How accurate is the Sabine formula?: The Sabine formula is an estimation and works best for rooms that are somewhat “live” and have evenly distributed absorption. For highly absorptive rooms (like anechoic chambers), other formulas like the Eyring formula may be more accurate. However, for most real-world applications, it provides a very useful prediction.
How do I find the absorption coefficient for my surfaces?: You can find reference tables online that list the sound absorption coefficient for common building materials. For this reverb decay calculator, it’s best to estimate an average value based on the predominant materials in your room.
Why is my calculated reverb time so high?: A high RT60 usually means your room has a large volume and/or is constructed with highly reflective surfaces (e.g., concrete, glass, drywall, tile). This is common in modern, minimalist designs.

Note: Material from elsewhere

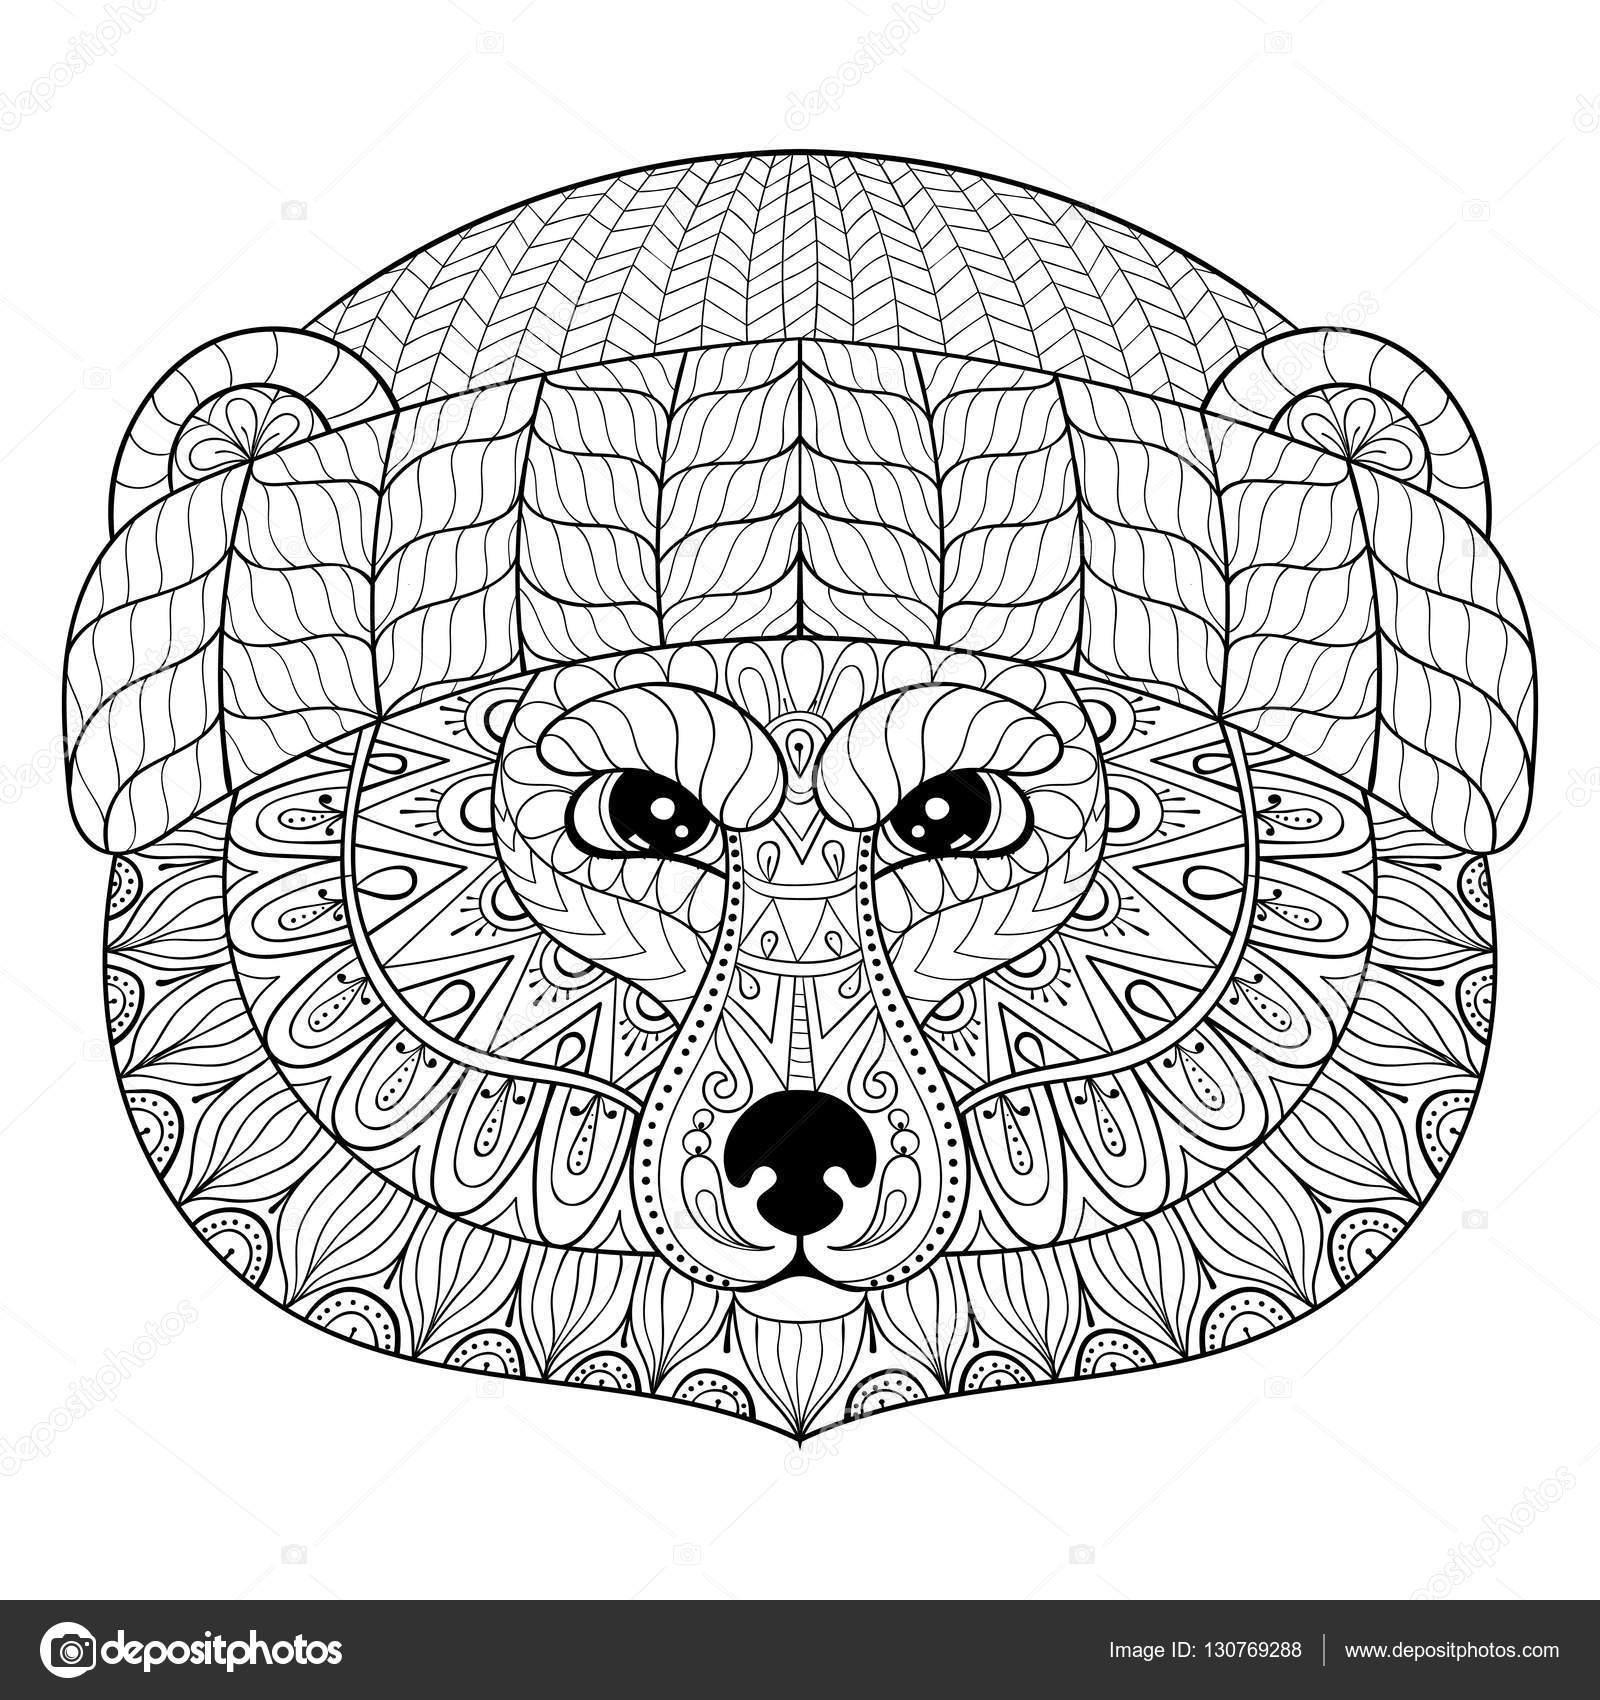 Ayı Yüzüne Zentangle Doodle Stil Vektör Elle çizilmiş Vahşi Hayvan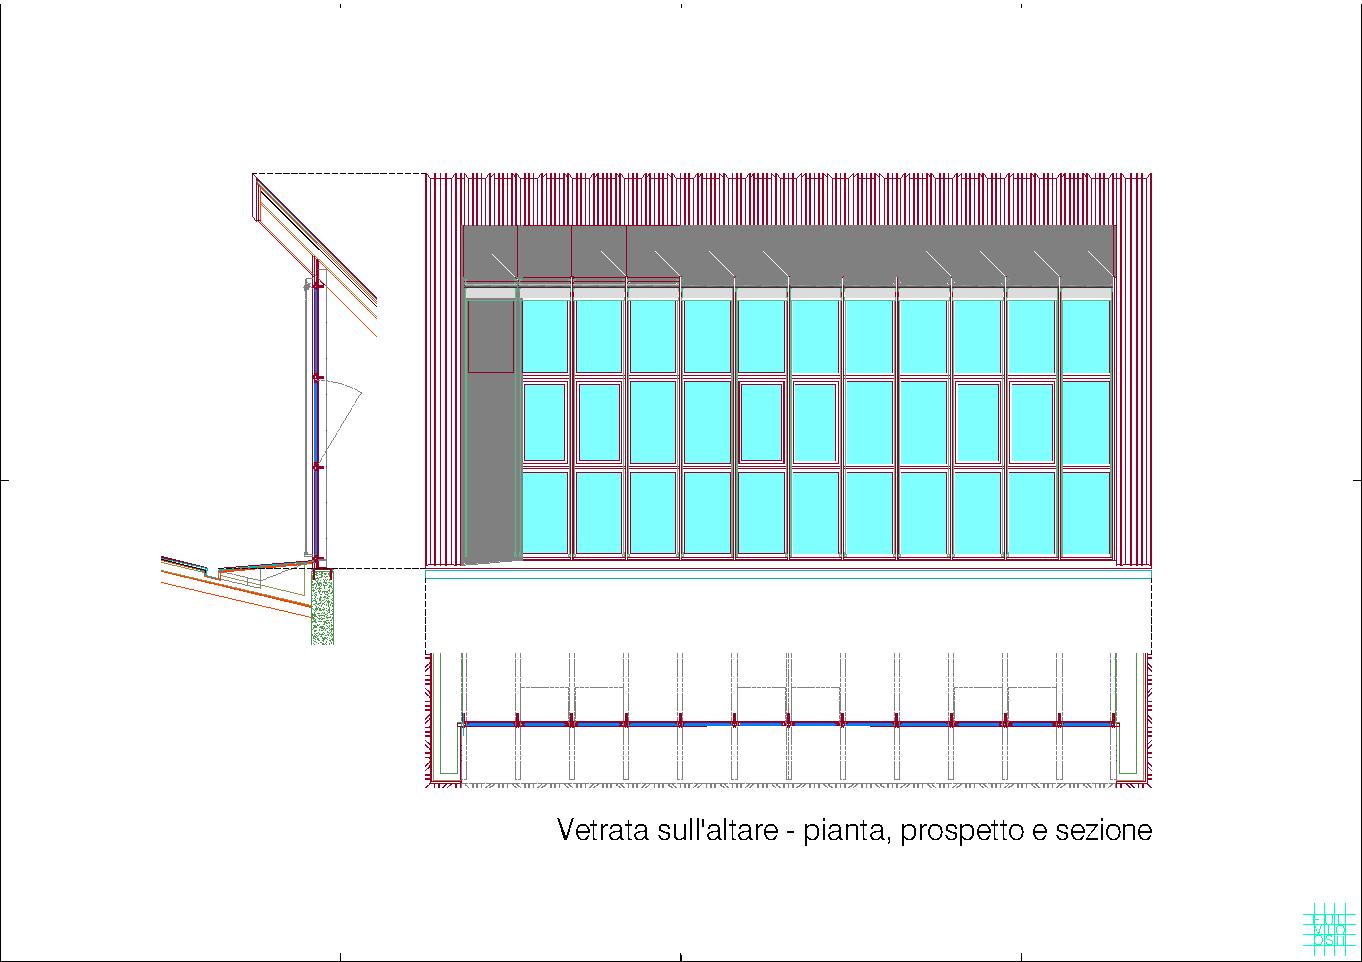 progetto-modellofionestrone

How can I lower my room’s reverb time?: To lower the reverb time, you must increase the total absorption (A) in the Sabine formula. This is achieved by adding absorptive materials to the room, such as acoustic panels, bass traps, thick rugs, heavy curtains, and soft furniture.
Can I have a reverb time of 0 seconds?: No. A reverb time of 0 is theoretically impossible as it would require all surfaces to have an absorption coefficient of 1.0, meaning no sound is ever reflected. Even an anechoic chamber has a very small, measurable reverb time.
Does changing the units from meters to feet change the result?: No. The calculator automatically switches the constant ‘k’ in the Sabine formula (from 0.161 to 0.049) to ensure the final RT60 time in seconds remains correct regardless of the input unit system.
What are Sabins?: A Sabin is the unit of sound absorption. One square foot (or meter) of a perfectly absorptive surface has a value of 1 Sabin. The total absorption of a room is measured in Sabins.